Now the GMB are working with ASDA to finish the job. As well as pressuring workers to accept the deal, they have divided them by splitting the ballot between warehouse workers and drivers, citing “extenuating circumstances” caused by the driver shortage. ASDA has threatened to refuse to recognize a split result. Workers at the same company represented by the same union are already so divided that the company’s pay offer amounts to a different percentage increase “depending on location”.

ASDA workers should reject the company’s deal. But the GMB’s actions make clear that they must do so with a plan to take the leadership of their struggle out of the hands of the union. Its interests are in maintaining peaceful relations with ASDA, drawing millions in salaries from members’ dues (the GMB reports £36,973,000 paid in “renumeration and expenses of staff” in 2020, £288,000 of which went to former General Secretary Tim Roache) while policing the company’s workforce.
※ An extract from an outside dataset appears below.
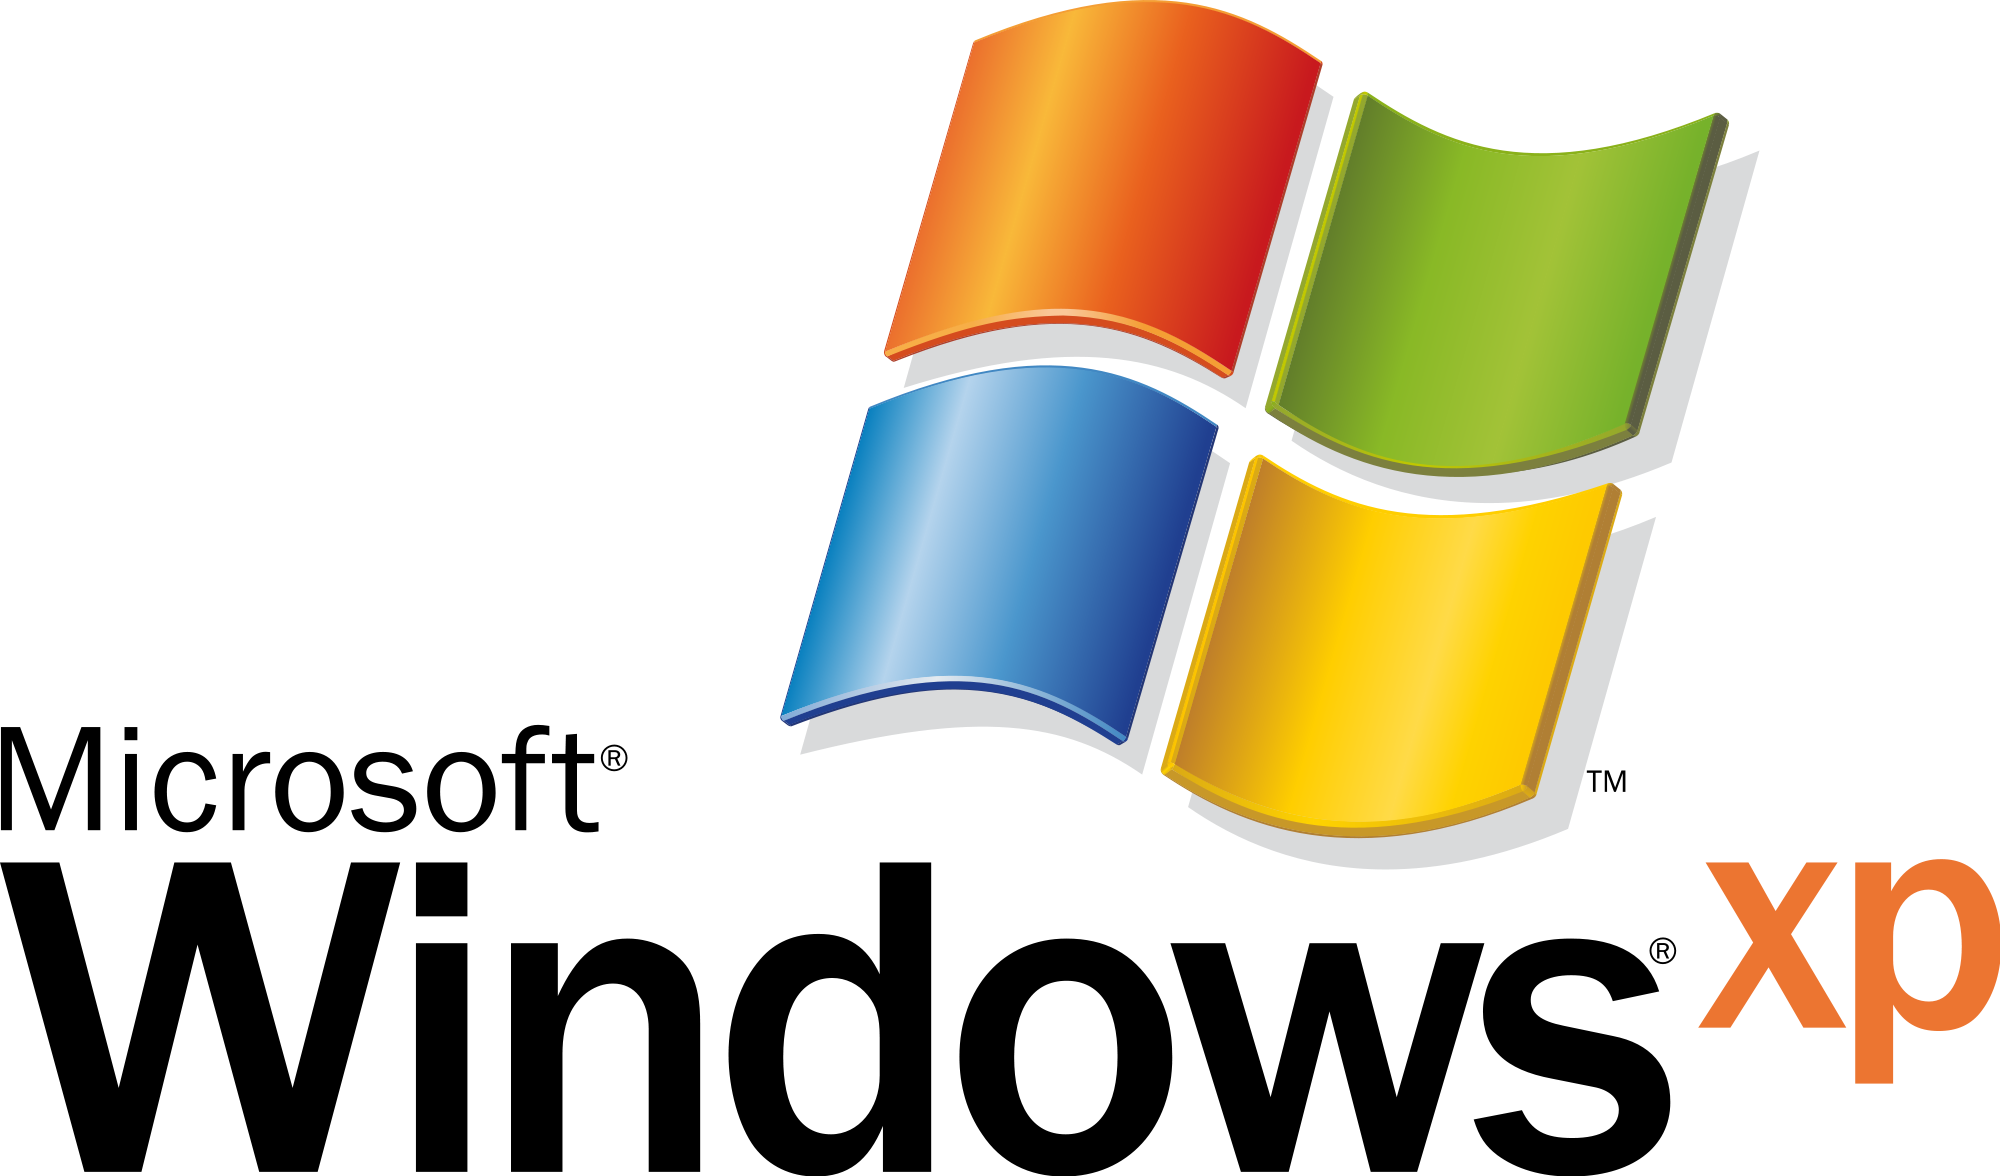 Windows XP Logo PNG là phiên bản logo được lưu trữ dưới định dạng PNG, giúp bạn có thể sử dụng và tùy chỉnh một cách dễ dàng. Hãy khám phá hình ảnh liên quan để tìm hiểu và tận hưởng sự tiện lợi và độ linh hoạt trong việc sử dụng phiên bản này.

To wage a two-front struggle against the company and the union, workers should form their own rank-and-file committees. These should organise with other workers, including B&Q distribution workers confronting a union-sponsored sellout, and above all those at Tesco and Morrisons. A rejection of the ASDA pay deal must be the starting point of a fight to overturn every betrayal organised by the unions in the distribution sector and secure across-the-board improvements in pay and conditions based on workers’ needs, not companies’ profits.